The anarchist individualists of Max Stirner’s school, those who wanted to draw from Stirnerian doctrine consequences in economic matters, like John Henry Mackay and Benjamin Tucker — the former set out his ideas in a well-known book, Anarchistes, and the latter advertises them with an English-language journal in New York, Liberty — are true bourgeois economists, liberalists who would join hands with our Maffeo Pantaleoni, Vilfredo Pareto and… the young conservative liberal monarchists, etc., like Giovanni Borelli.
And Mackay — whom Zoccoli, in his preface to Stirner’s book,[2] does not want, out of respect for readers, to honor with an excessive act of courtesy (probably Zoccoli, as well as he ignores all the anarchism he talks about, also ignores that Mackay is known in Germany and England as one of the best poets) — is the most authoritative interpreter of his master. It was Mackay who first took care of the reissue of Stirner’s works, who collected his minor writings, and wrote a biography; and he was the first one to make the mistake of seeing in the Unique a kind of Bible of anarchism.
Stirnerian individualism leads in economics to “individual” property, to capitalist privilege, that is, to the denial, through the power of money (which anarchist stirnerians do not want abolished), of that freedom they claim in politics, morals and philosophy. Mackay, by the way, does not hide his liberalist ideas in any way, although he denies their logical consequences; he maintains that in anarchy free competition of interests will facilitate natural selection, and that property is necessary to freedom.[3]
It is not appropriate here to explain the mistake that Mackay falls into, and to refute his theory.
In politics, the consequence of Stirnerian individualism is either the isolation I mentioned above, or tyranny: the former impossible, the latter perverse, and above all anti-anarchist.
Outside the concept of solidarity, the individual who thinks only of himself, and of others only insofar as they are useful or harmful to him, in order to be completely free needs to stand above everyone, to be the highest authority; which may even be good, if history tells us that some absolute rulers were good, but it may also be bad. And for anarchists, it is not a question of having a good or bad tyrant, but of having none over them and not being one over others.

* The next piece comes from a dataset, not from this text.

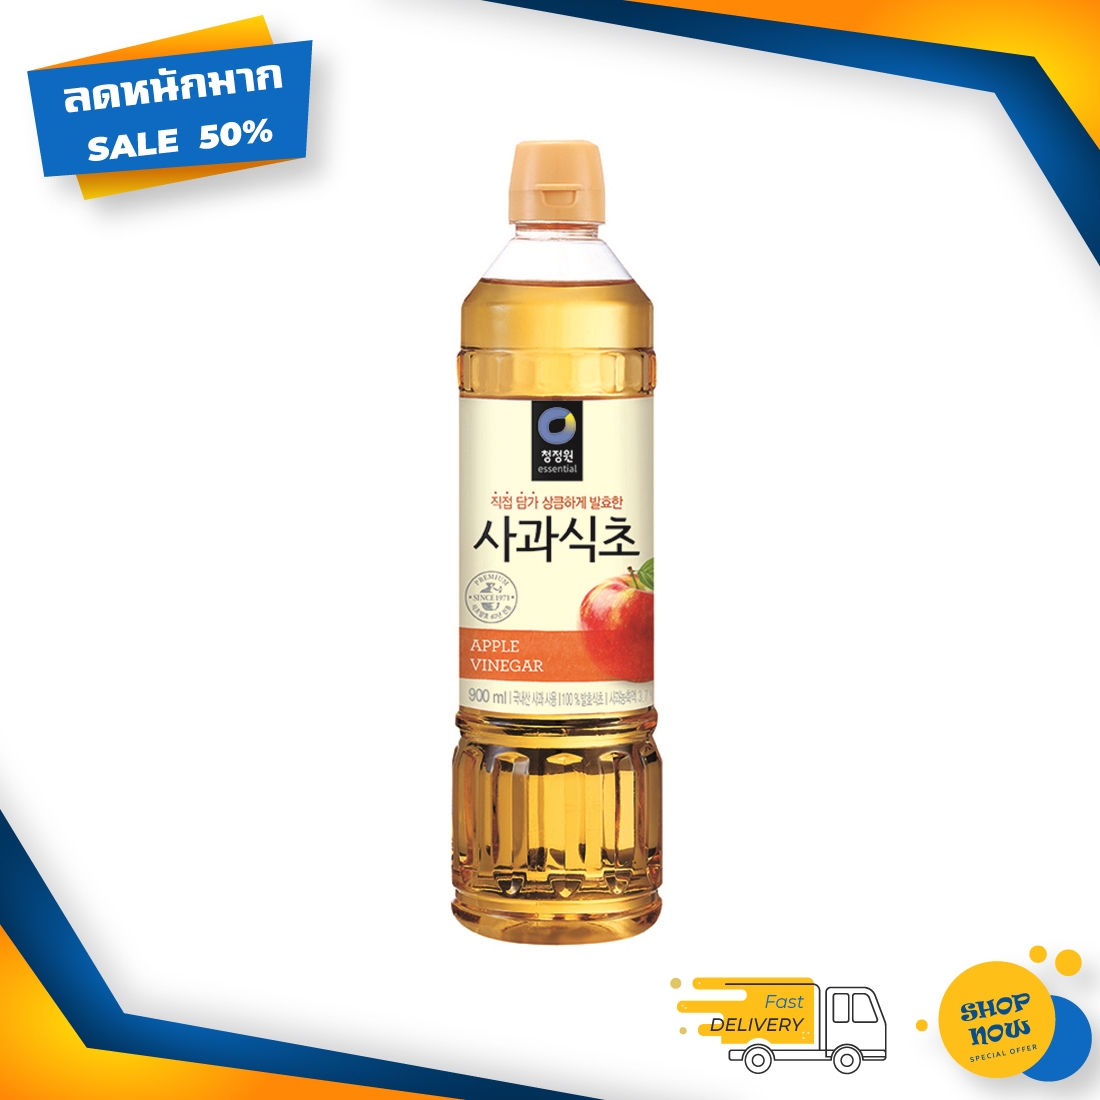 [ ส่งเร็ว 24 ชม ] น้ำส้มสายชู แอปเปิลไซเดอร์ ชองจองวอน น้ำส้มสายชูหมักจากแอปเปิ้ล 900 ml x 1 ขวด น้ำส้มสายชูapple cider น้ำส้มสายชูหมั น้ำส้มสายชูแอป น้ำส้มสายชู acv แอปเปิ้ล แอบเปิ้ลไซเดอร น้ําส้มสายชู น้ําส้มสายชูหมัก แอปเปิ้ลไซเดอร์

If the Stirnerian theory is dragged into the field of reality, of lived life, outside of abstract speculation, we soon see how tenuous and vague is the thread that binds anarchism properly said to individualism; besides, it is natural that this relationship exists, however small it may be, since all theories, even the most contradictory ones, have on the one hand or the other something in common.
III
I have spoken so far of individualists, and I forgot to give a warning to the reader that he may be confused by so much clutter of names, subdivisions, theories.
There is, among anarchist communists, a fraction that in economics is anything but individualistic and who, however, for some time liked to call themselves individualists to differentiate, not in theory but in the practice of struggle, from their own comrades, also anarchist communists, on the issue of party organization, workers’ associationism, individual and collective action, among others. These, although in the ends being anything but Stirnerian individualists, combat the idea of organization within today’s society, and, in contradiction with the others, think that it is harmful to the revolutionary cause to form an organized party, to favor workers’ associations, to unite in a pre-established agreement for the struggle against institutions. In my view they are illogical and mistaken in thinking so, but despite the different ideological shades, despite the contradictory name, they are always socialist anarchists, theoretically not dissimilar, at least in the broad lines, of all the anarchic socialists who make up the international libertarian movement. Anarchist socialists, those who like to call themselves so, may even disagree — not all really disagree — with the concept of violence and reprisal against bourgeois society so admirably exposed by Émile Henry in his self-defense before jurors (considered a literary jewel by Mirbeau, Leyret and others) before going up to the gallows; but they cannot deny — by an excessive love of tranquility in the face of reaction or simply in the face of prevailing prejudices — the ideological affinity that on the other hand connects them to the followers of such concept.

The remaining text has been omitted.